### Exercise:
The answer is the data repeated in full, with no pictures included.

### Data extract:
----

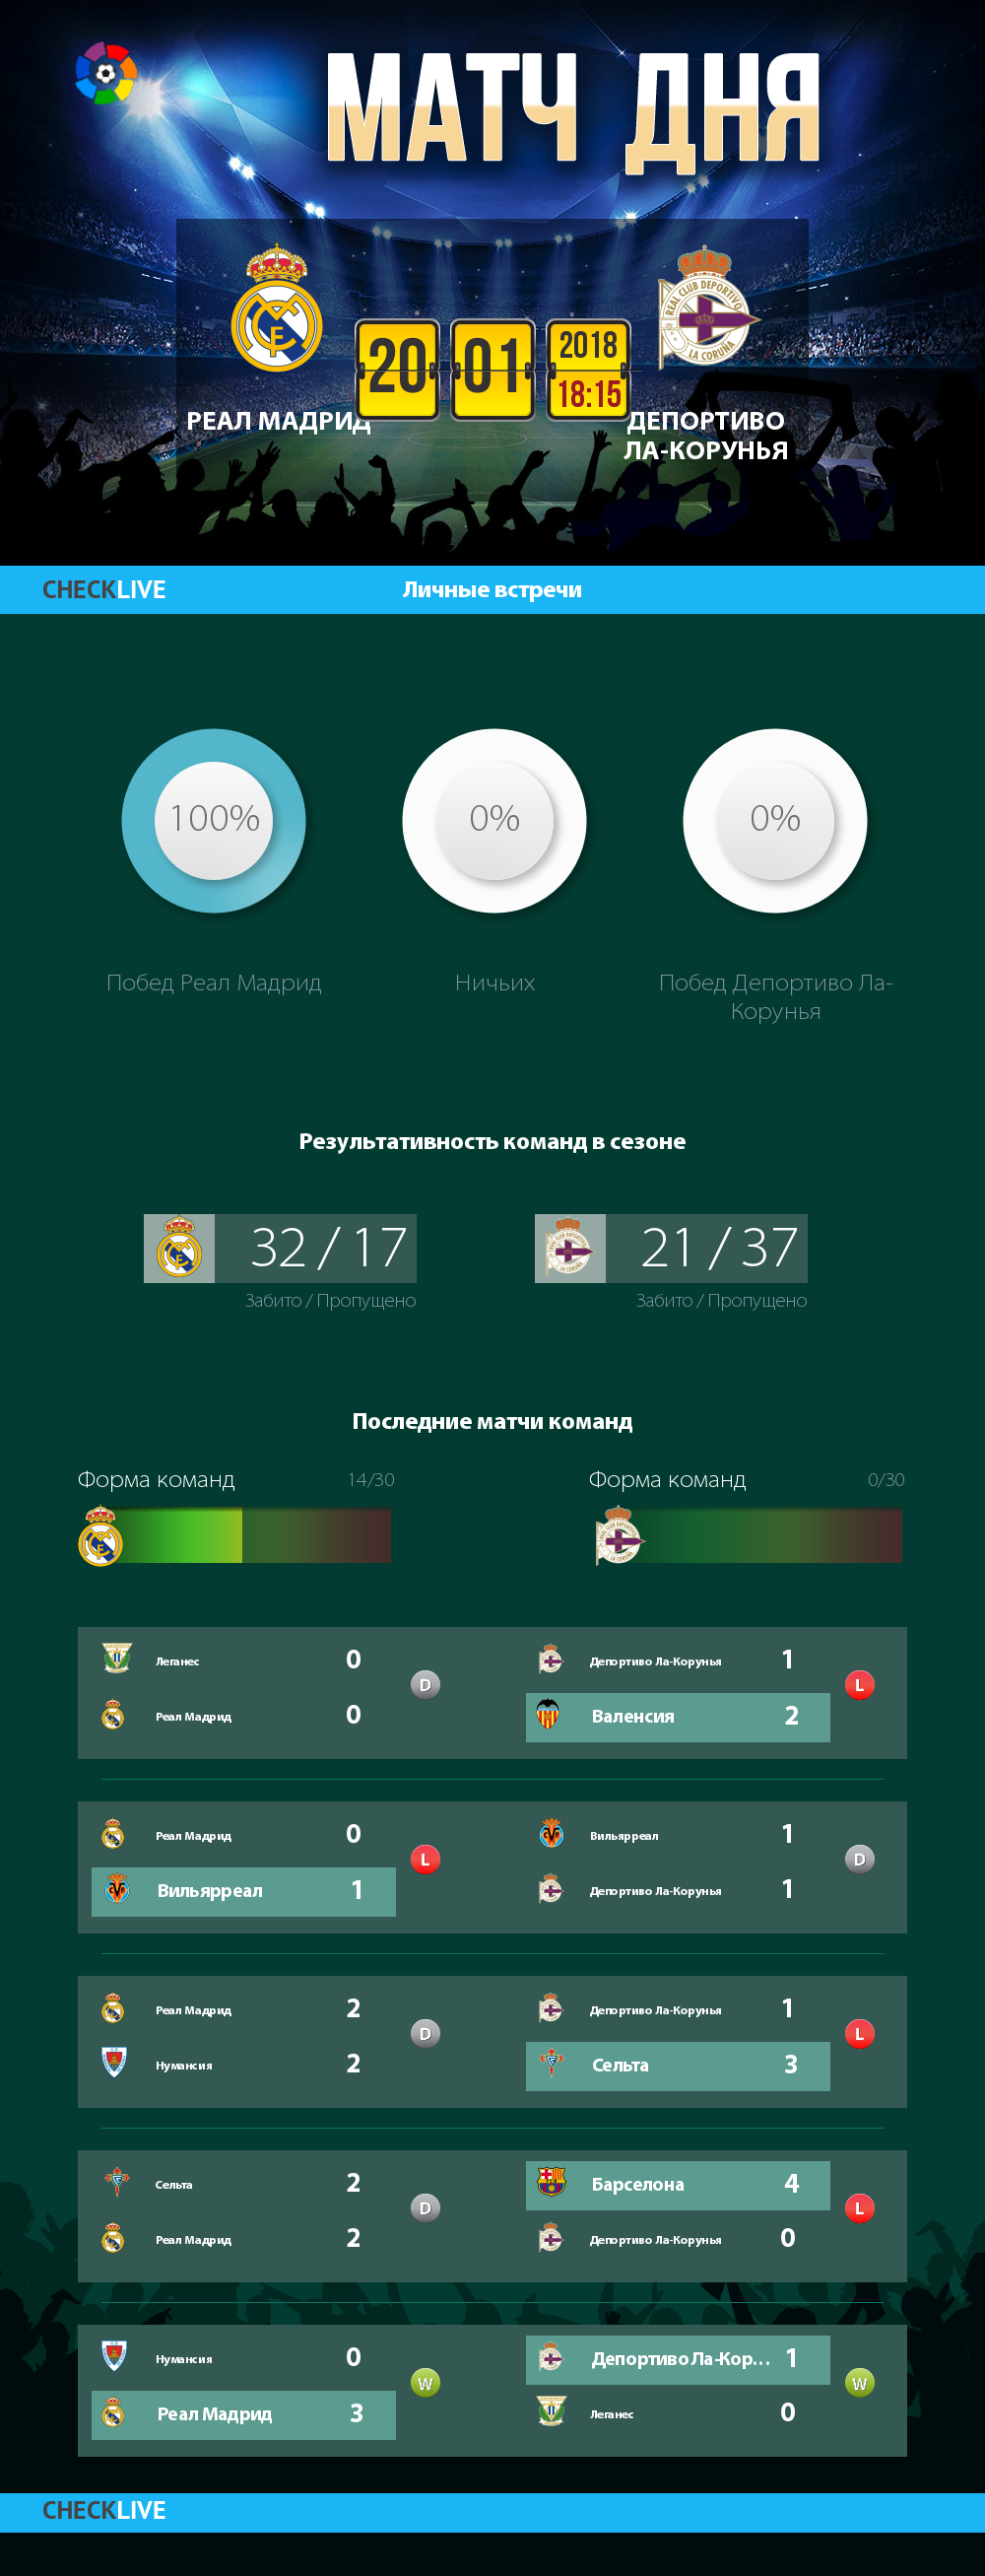 Инфографика Реал Мадрид и Депортиво Ла-Корунья матч дня 20.01.2018
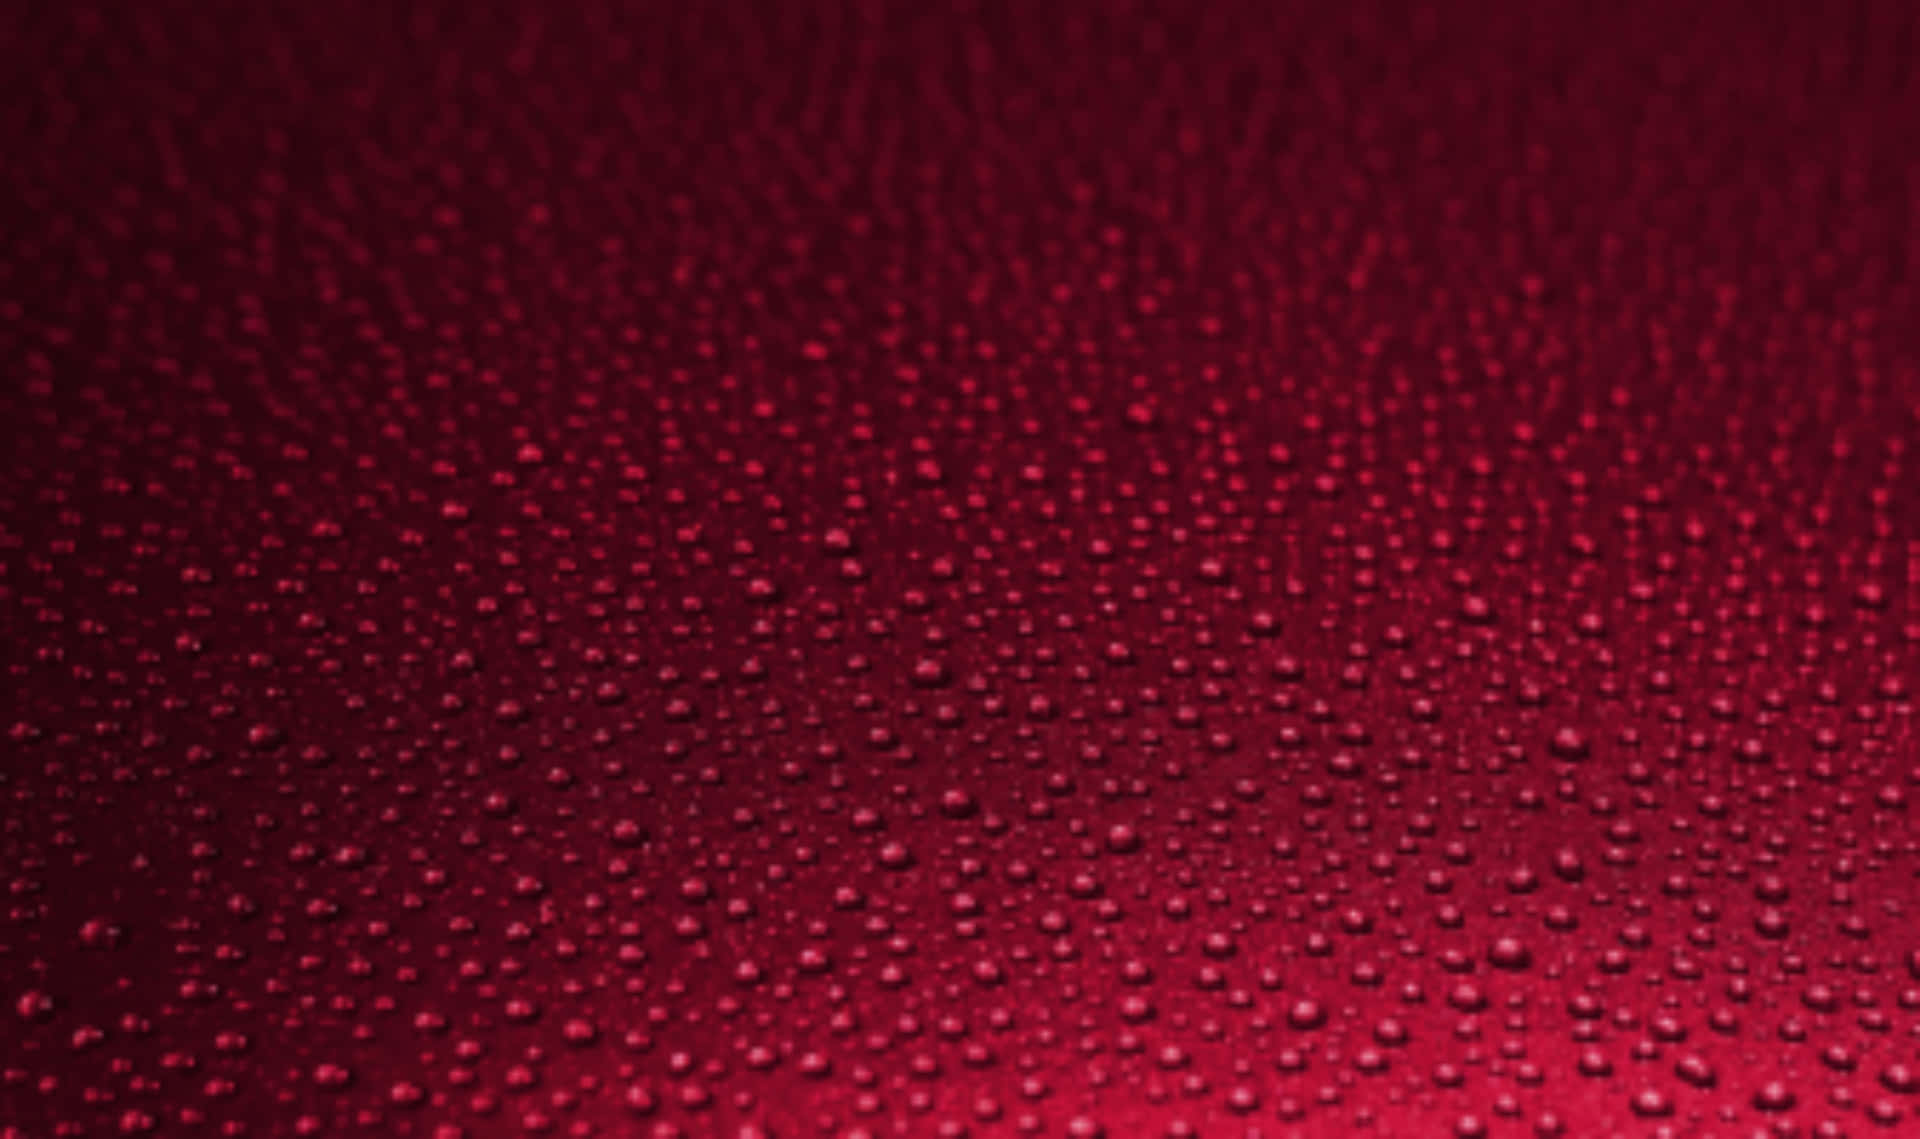 Immaginedi Sfondo Rossa Con Texture A Gocce D'acqua Rosse.
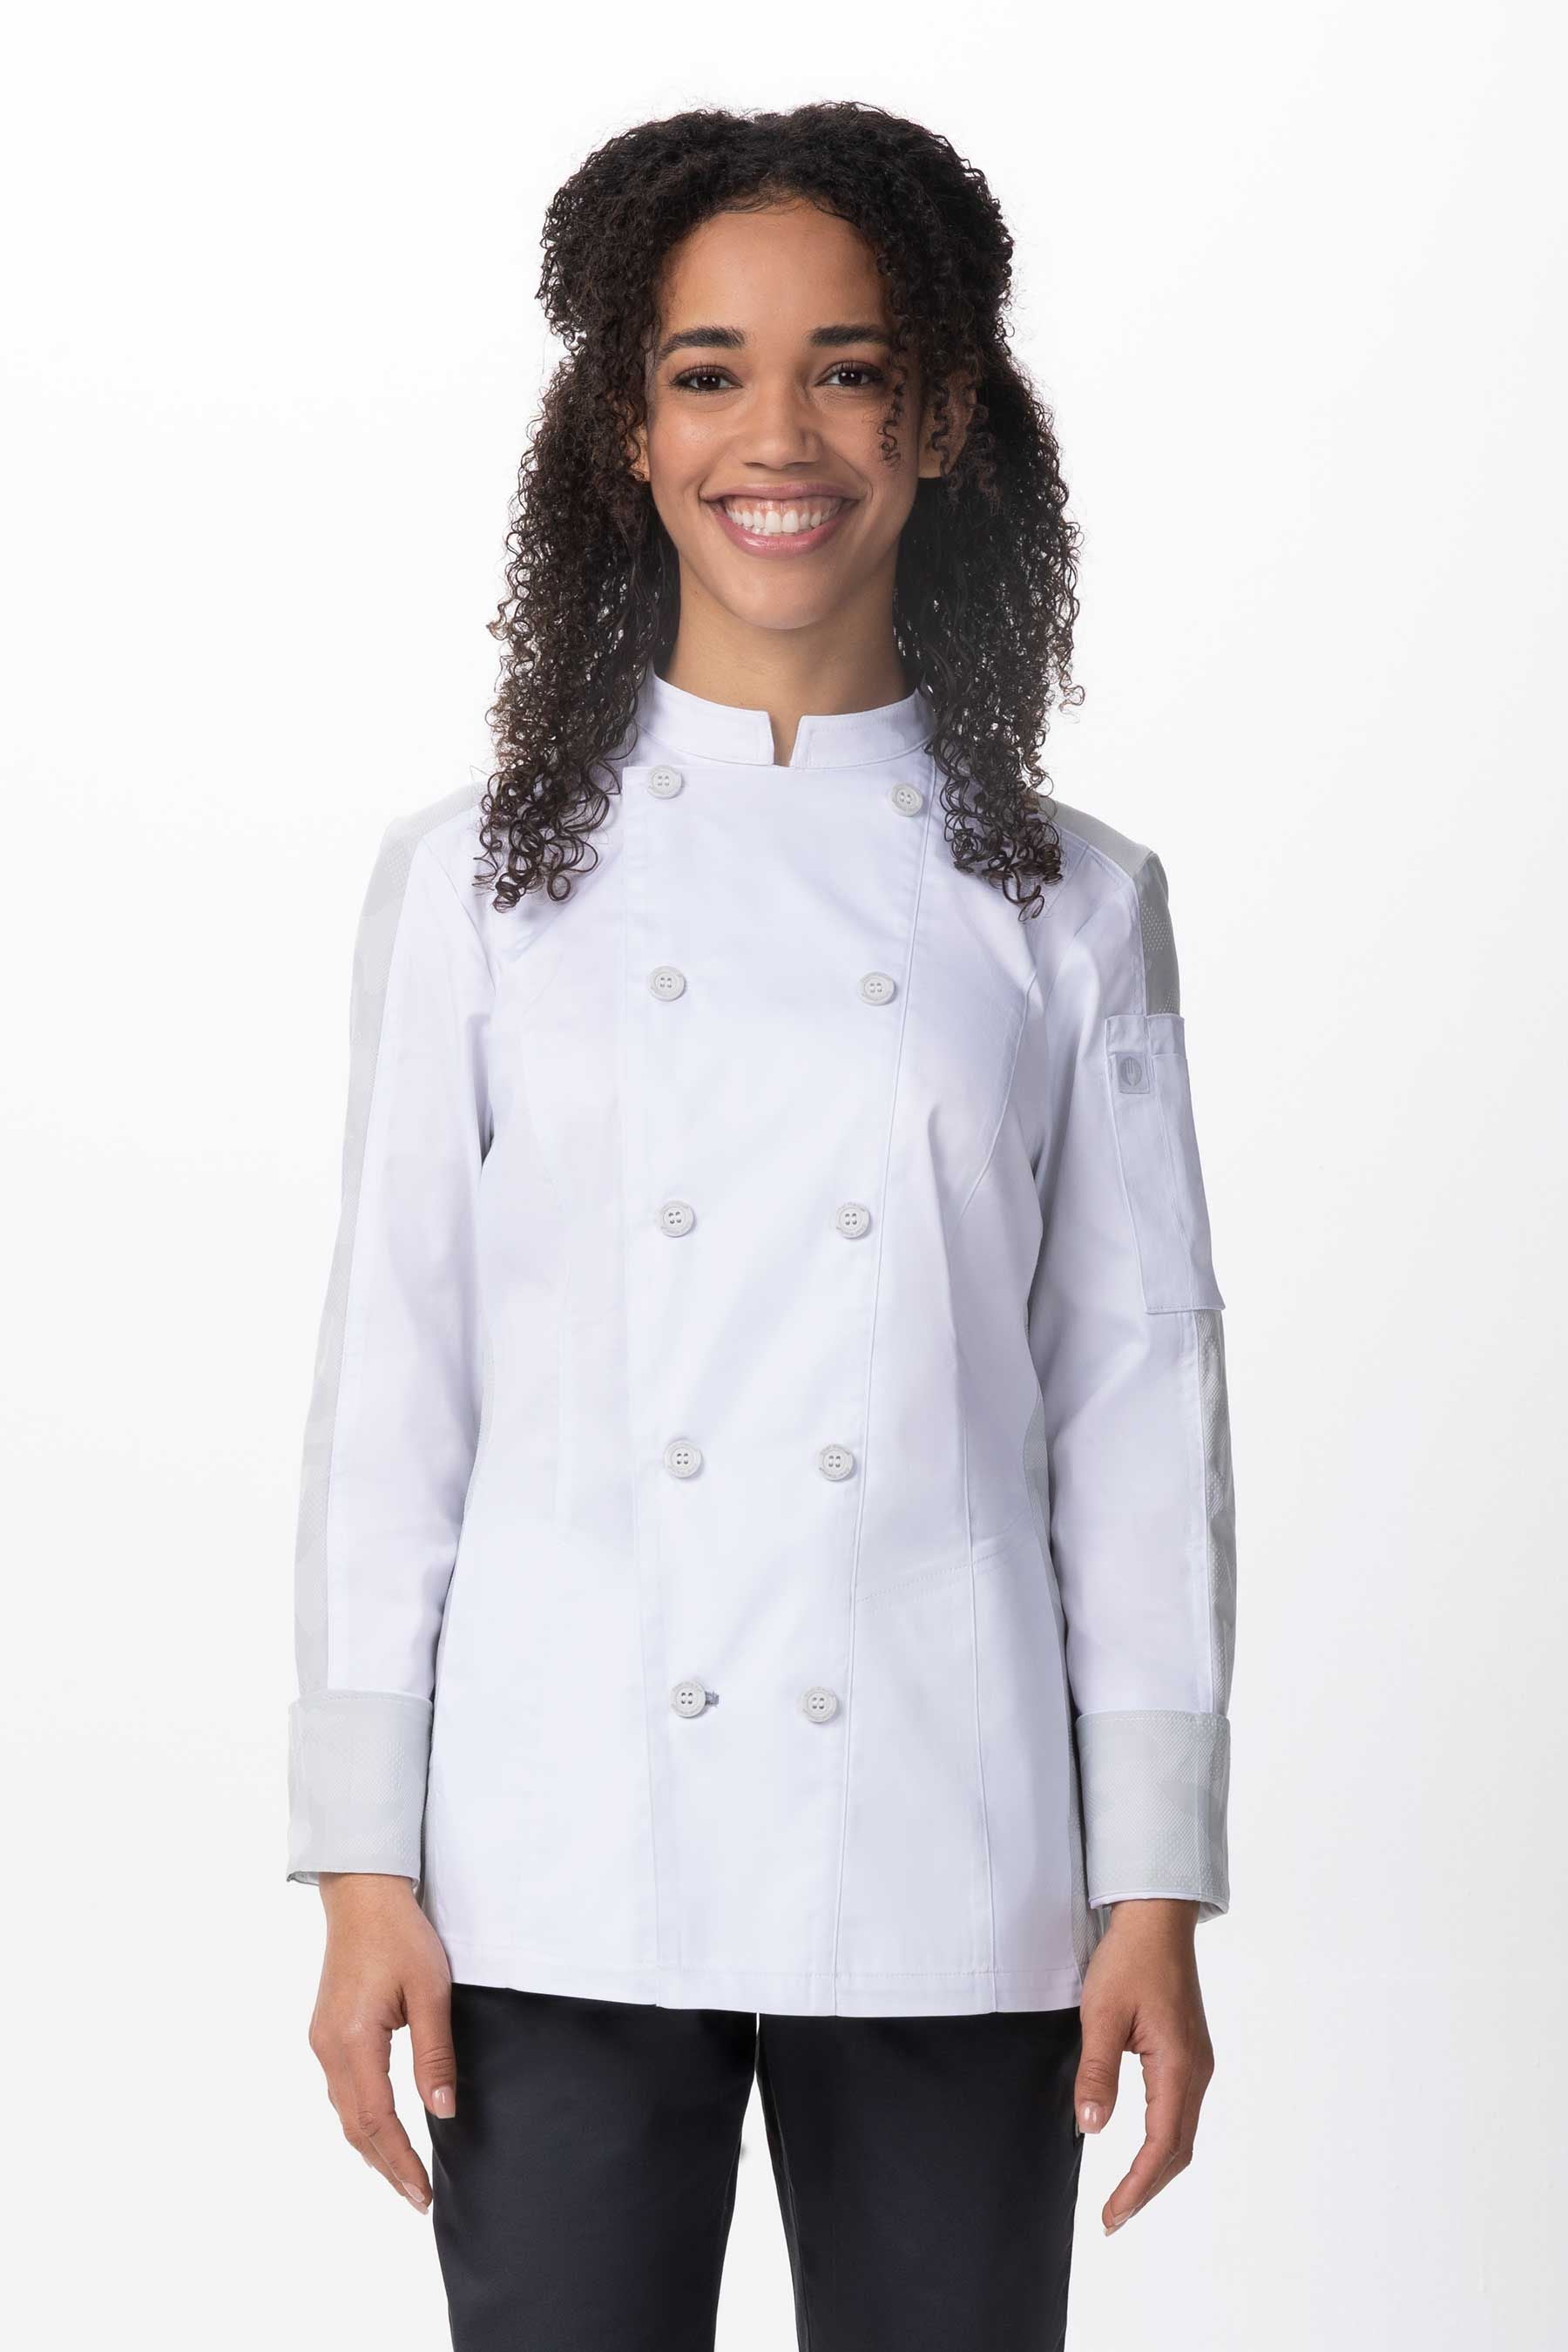 Mojave Female Chef Coat

----

### Written solution:
 Инфографика Реал Мадрид и Депортиво Ла-Корунья матч дня 20.01.2018
 Immaginedi Sfondo Rossa Con Texture A Gocce D'acqua Rosse.
 Mojave Female Chef Coat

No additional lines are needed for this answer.